Notes &
At The End Of The Day
“But you know what, at the end of the day, it doesn’t matter.”
“At the end of the day, it all comes down to dollars and cents.”
“At the end of the day, the message just has to get out.”
“At the end of the day, we just didn’t play well enough to win.”
And so on. No expression in the English language has nudged its way into common lexicon more than the phrase “ATEOTD”. I think it started in the business world, where all overblown, vague and brain-stomping phrases originate.
The phrase probably sprang organically from boardrooms around the world loaded with people giving their 110 percent in sharing best practices via some kind of trickle-down effect. I mean, these are suits prioritizing important tasks 24-7 and leaving nothing to the back burner. They know that hindsight is 20-20 and dotting your Is is the bottom line. Having said that, others must re-evaluate their methodologies so that they can leverage a seamless transition to a level playing field under a glass ceiling. They need synergy in order to think outside the box in cutting edge ways to reach out to customers before circling back to discuss value-added options to employ an interface that is a true game-changer. I mean, it’s not rocket science.
Office workers and professional sports players are bathed in clichés. Now, all segments of society tend to speak in such ways when wishing to sound knowledgeable on a subject. But it is a way of speaking that is actually not a way of speaking at all. Everybody should be falling down to the pavement while off to buy a bag of milk because they have permitted too many tired clichés to slip past their teeth and fly through their lips that all energy in their bodies has fled.
At the end of the day is the king.

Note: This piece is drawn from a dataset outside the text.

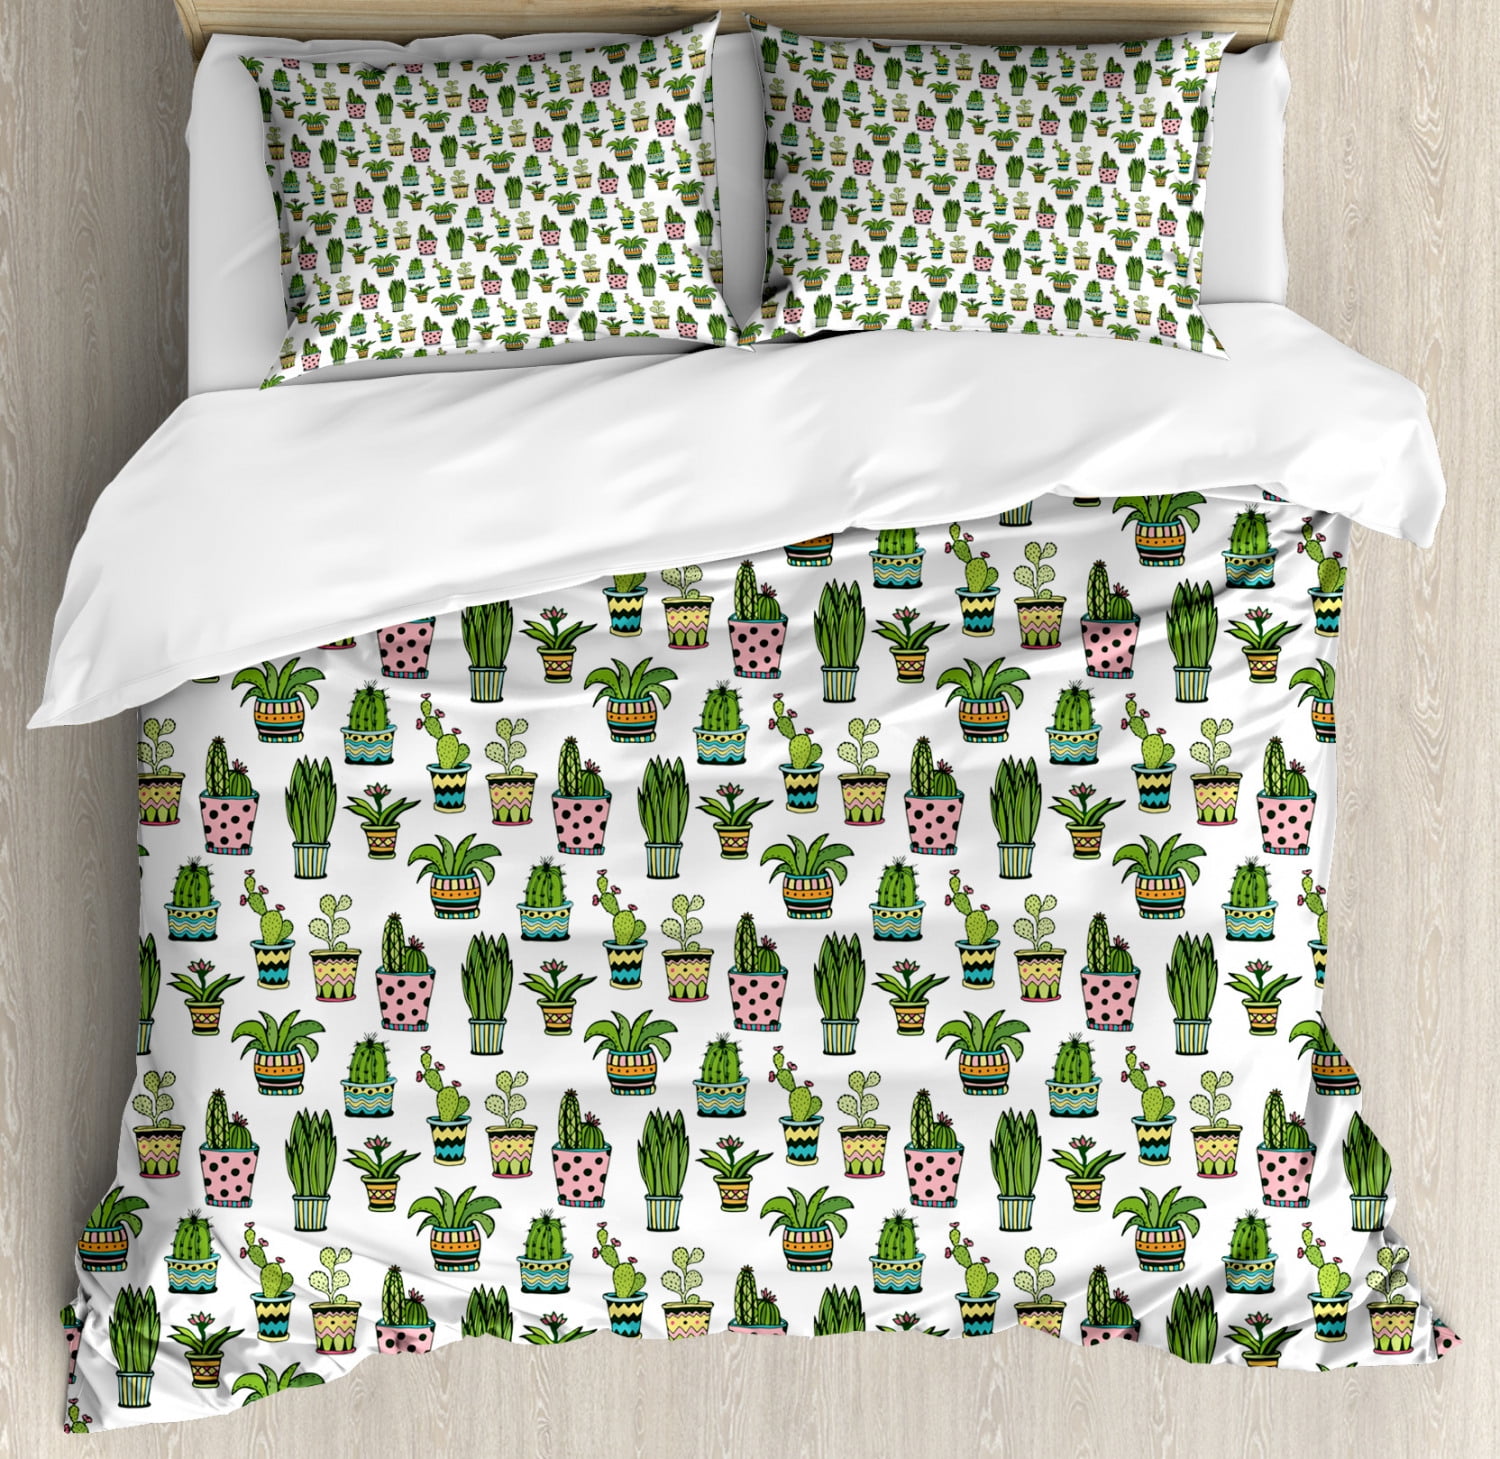 Ambesonne Cactus Duvet Cover Set Queen Size Decorative 3 Piece Bedding Set with 2 Pillow Shams Mint Green Spring Garden with Boho Style Bouquet of Thorny Plants Blossoms Arrows Feathers

And the absolute worst. Here is what I know about this phrase: it is a song in “Les Miserables”, it is the first full-length LP by a Malaysian band called “Disagree” (they were teenagers when they so creatively named their release), and there is a TV movie titled “At the end of the day: the Sue Rodriguez Story.”
When I hear the phrase, I can no longer pay attention. There is a vacuum in my brain that sucks my attention and its on-switch is the phrase ATEOTD. What, on the face of God’s Earth, does this mean? It is, as Urban Dictionary calls it, a “rubbish phrase”, an “irritating verbal crutch” and a saying used by people to prove a point that they cannot otherwise express. It is a black hole. It is also, as you might have hypothesized, one of my more intense pet peeves.
The problem is you can’t escape it. It is always, at any hour of the day, the end of the day because somebody says it. Do drug dealers in darkened alleys inform their customers that at the end of the day the price is set by market standards? Why don’t we say “What matters most is….” or “Most importantly…” or “We need to focus on…” or any other neater, more expressive and more amazingly not-vague phrase.
I want everyone to stop using it. Can we all agree? We need a website so that everyone in the world can go and agree to stop doing something. That would actually, as I think more of it, solve most of the global issues. I think we should start with the death of the ATEOTD phrase.
There is only one thing that this phrase means. The only thing in which it is not vague at all. In fact, it is most accurate in describing this thing.
At the end of the day, it is tomorrow.